Importance of Modules in AI Projects
Modules help structure AI applications by grouping related functionalities. For example, a
preprocessing module may contain all data-cleaning routines, while a model module might
include training and evaluation methods. This separation fosters a clean architecture, making
large AI projects easier to understand and extend.
Key AI Libraries
• NumPy – Fundamental for numerical computation and matrix manipulation.
• Pandas – Handles structured data efficiently.
• Matplotlib/Seaborn – Provides visualization capabilities for dataset analysis and model
results.
• Scikit-learn – Offers classical machine learning algorithms and preprocessing utilities.
• TensorFlow/Keras/PyTorch – Enable deep learning model creation and training.
• OpenCV – Supports computer vision tasks such as image recognition and object detection.
Benefits of Using Libraries in AI
Using pre-built libraries saves development time, reduces errors, and ensures optimized
performance.
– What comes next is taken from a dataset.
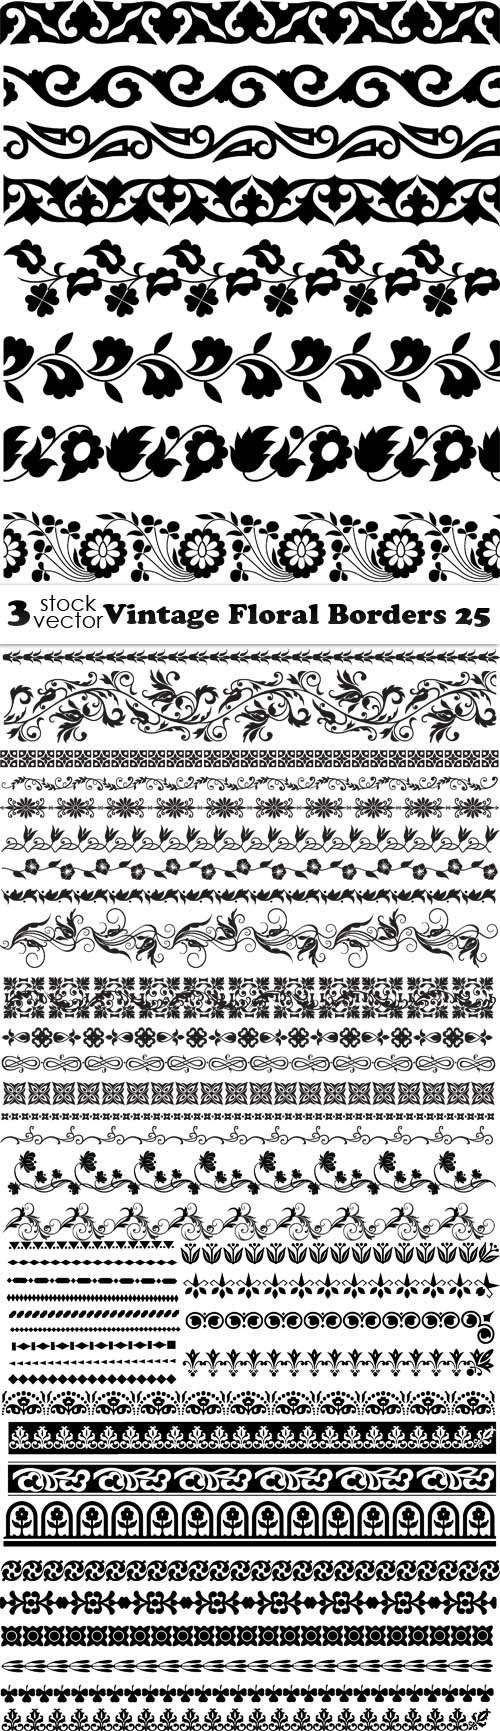 Vectors - Vintage Floral Borders 25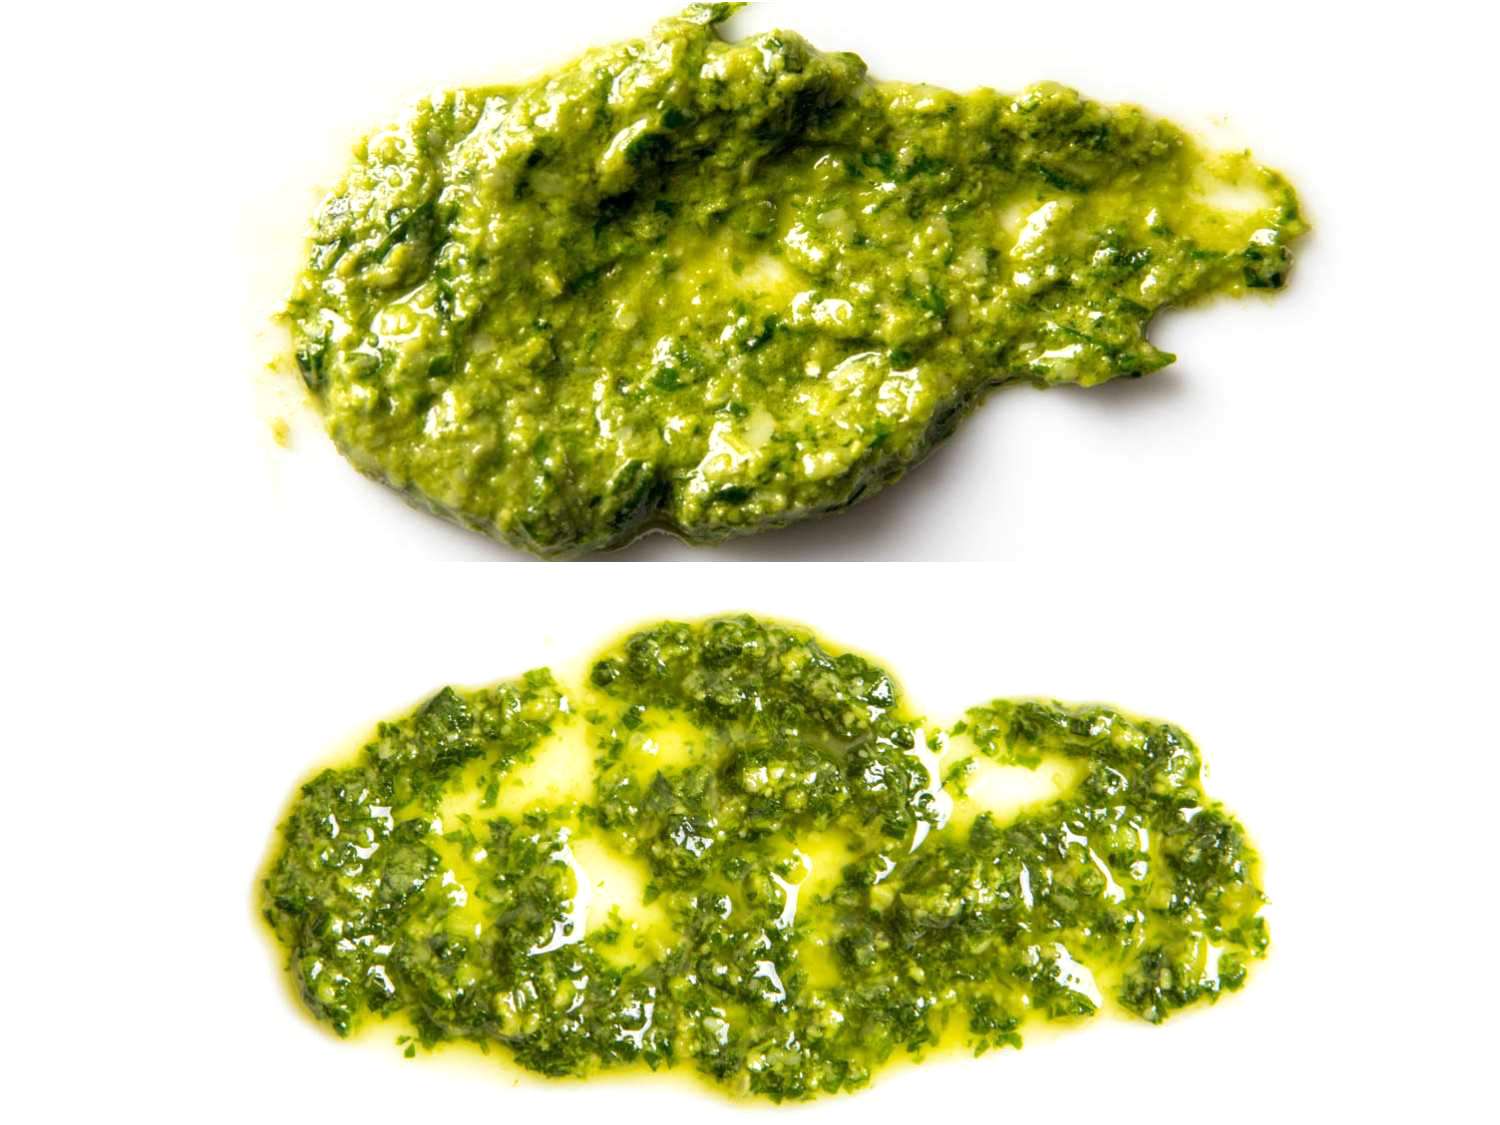 Comparison of pestos: Top, pesto made in mortar and pestle; bottom, pesto made in food processor

Libraries are maintained by large developer communities, ensuring regular
updates and compatibility with the latest technologies.
Integration of Libraries in AI Workflows
AI projects often integrate multiple libraries in a single pipeline. For example, Pandas may
be used for data cleaning, Scikit-learn for feature selection, and TensorFlow for deep learning.
This interoperability is one of Python’s strongest advantages in AI.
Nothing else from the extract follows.